Depuis fin mars, elle a attaqué dans l’est du pays, près de la frontière thaïlandaise, plusieurs bases de l’armée qui riposte avec des raids aériens, une première en plus de 20 ans dans cette région.

De nouvelles frappes ont eu lieu vendredi, d’après la KNU.

« Plus de 2200 Myanmarais » ont fui en Thaïlande dans la province de Mae Hong Son, qui abrite déjà de nombreux camps de réfugiés karens établis sous les précédentes dictatures militaires, a indiqué le porte-parole du ministère thaïlandais des Affaires étrangères, Tanee Sangrat.

Réfugiés en Thaïlande
 

Le responsable de la KNU chargé des affaires étrangères, Padoh Saw Taw Nee, a déclaré à l’Agence France-Presse que plus de cent personnes avaient franchi vendredi la frontière pour se réfugier en Thaïlande.

« Ils n’ont que deux options, s’enfoncer dans la jungle ou traverser [la frontière] pour se réfugier en Thaïlande », a-t-il dit. Les combats ont aussi fait plus de 30 000 déplacés dans cette région, d’après le Bureau de la coordination des affaires humanitaires de l’ONU (Ocha).

Les affrontements se sont également poursuivis dans le nord du Myanmar entre les militaires et une autre faction ethnique, l’Armée pour l’indépendance kachin (KIA).

Un humanitaire a indiqué à l’AFP que l’armée a mené trois raids aériens vendredi dans le district de Momauk. Un habitant a été tué, selon cette source.

Manifestations quotidiennes
 

Les manifestations quotidiennes contre le putsch se sont poursuivies : vendredi des manifestants sont descendus dans les rues de Rangoun sous de torrentielles pluies de mousson.

En attendant, la junte poursuit sa répression sanglante.

Près de 760 civils sont tombés sous les balles de la police et de l’armée ces trois derniers mois, d’après l’Association d’assistance aux prisonniers politiques (AAPP).
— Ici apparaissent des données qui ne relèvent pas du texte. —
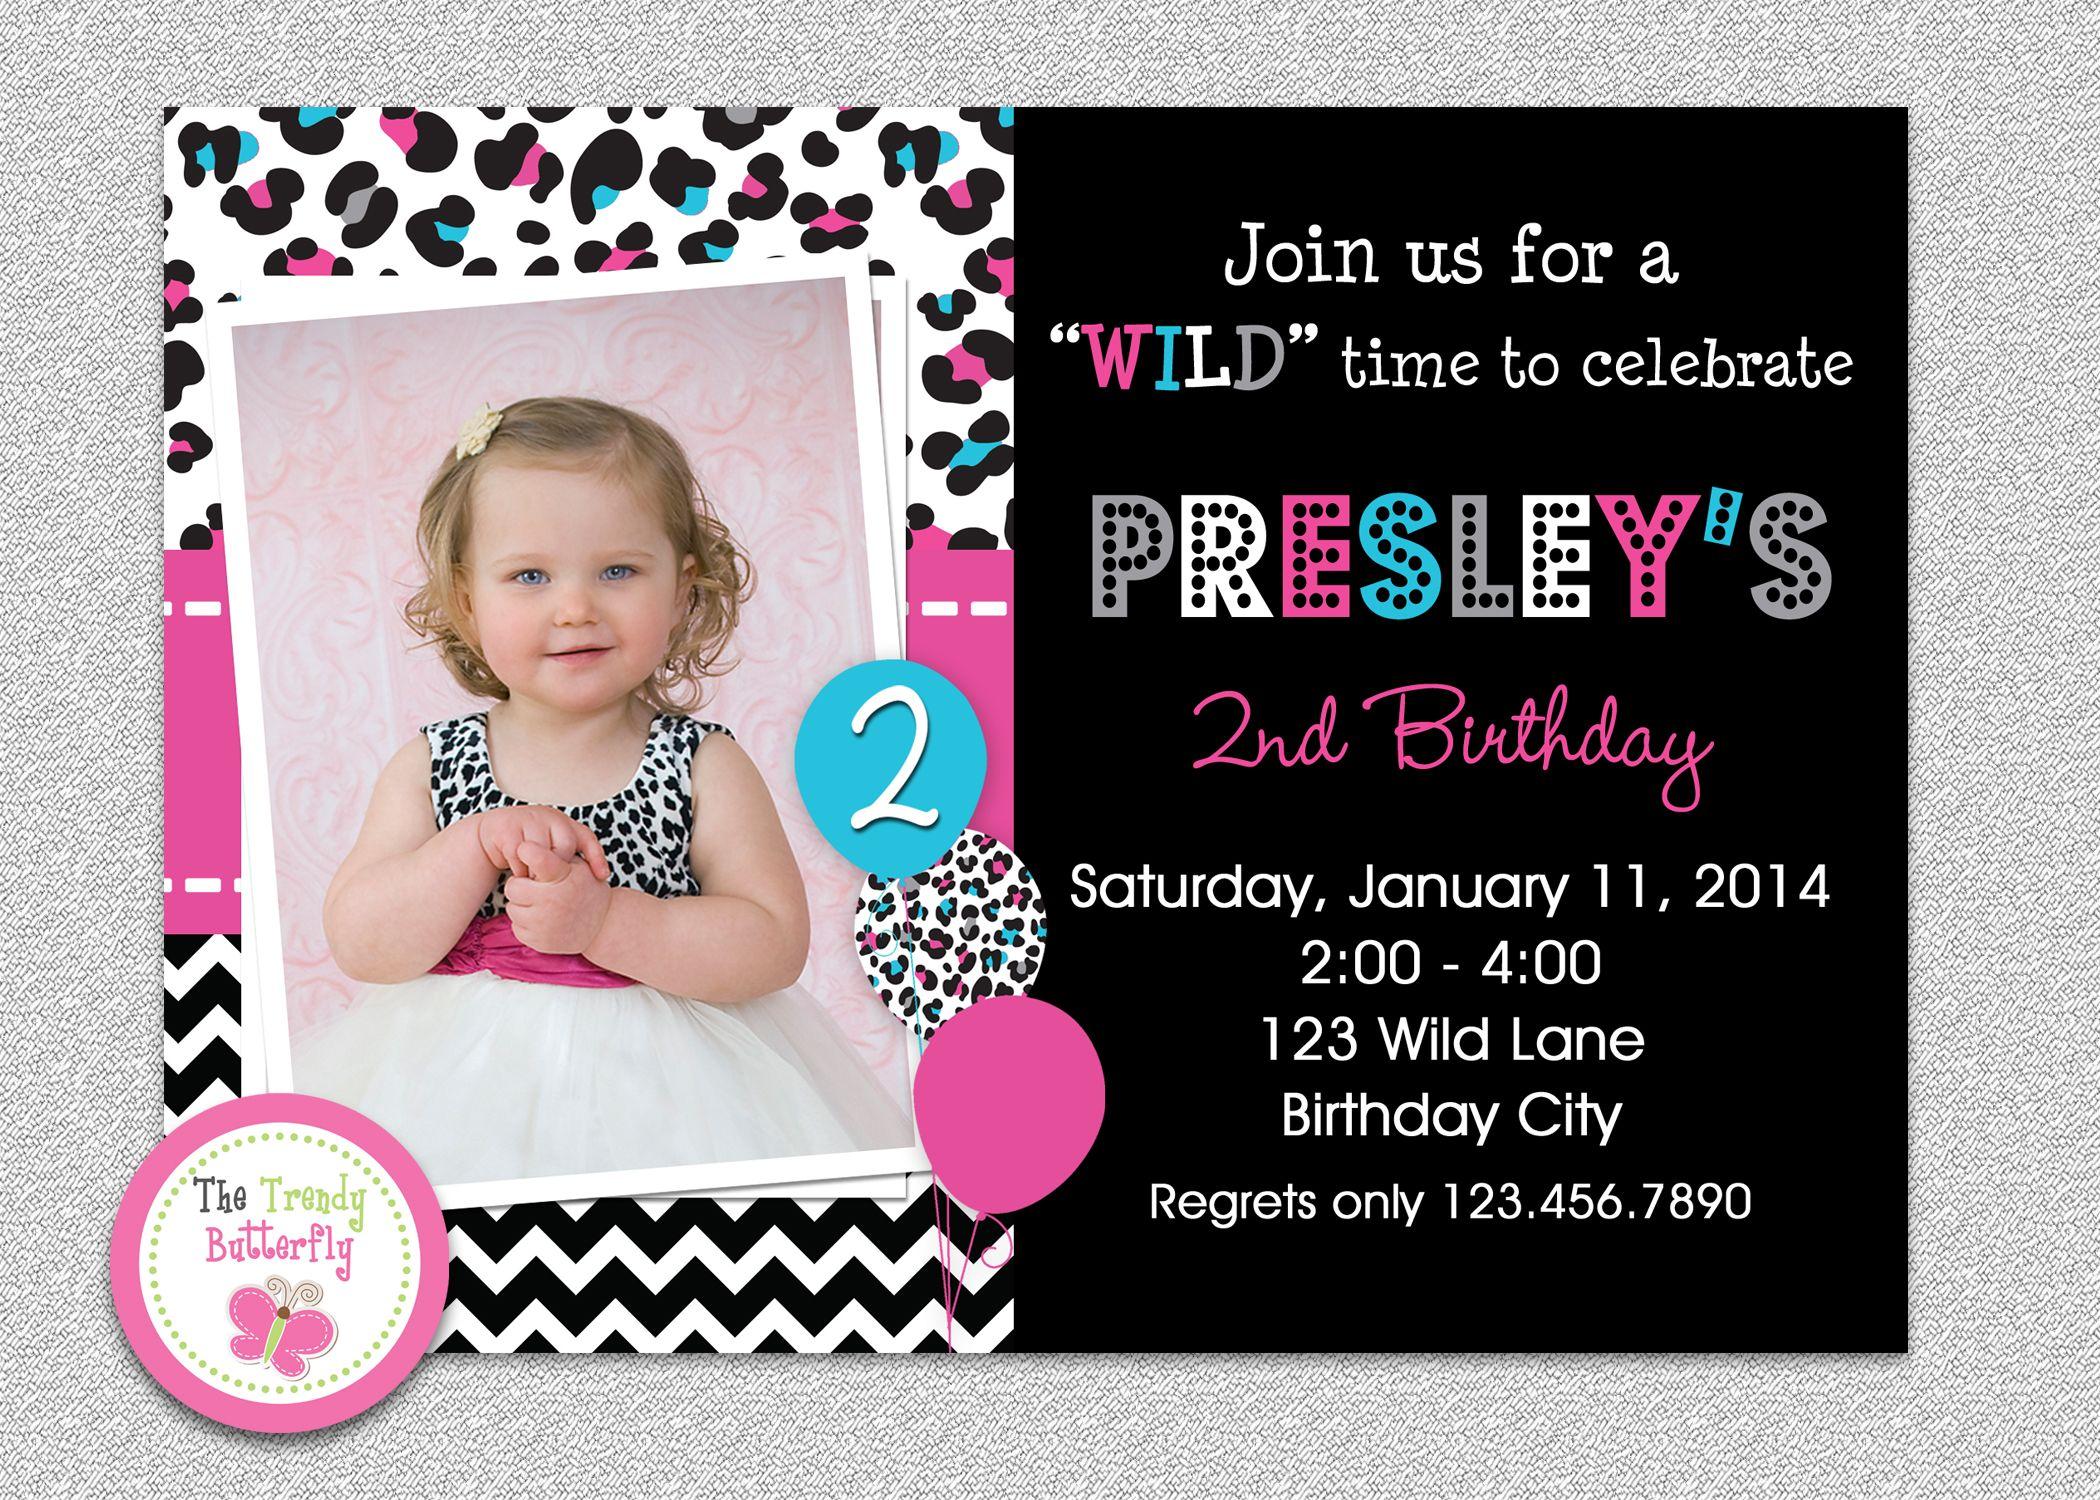 Leopard Birthday Party Invitations | Leopard birthday, Birthdays and ...

La junte, qui considère cette ONG comme une organisation illégale, fait état d’un bilan beaucoup moins lourd (258 morts au 15 avril), qualifiant les manifestants d’ « émeutiers » se livrant à « des actes de terrorisme ».

Une réunion du Conseil de sécurité de l’ONU sans déclaration commune

Le Conseil de sécurité de l’ONU a tenu vendredi une nouvelle réunion à huis clos sur le Myanmar sans réussir à se mettre d’accord sur une déclaration commune en raison d’une opposition de la Chine et de la Russie, selon des diplomates. La session avait été convoquée par le Vietnam afin de présenter les conclusions du récent sommet en Indonésie de l’Association des nations d’Asie du sud-est (ASEAN), qui doit nommer un émissaire pour aider à dénouer la crise consécutive au coup d’État du 1er février. Rédigé par le Royaume-Uni, un projet de déclaration n’a pas obtenu l’accord de Pékin et de Moscou. Obtenu par l’AFP, il prévoyait d’apporter un « plein soutien au rôle central de l’ASEAN » et d’encourager une visite au Myanmar de l’émissaire de l’ONU, Christine Schraner Burgener, « aussitôt que possible ».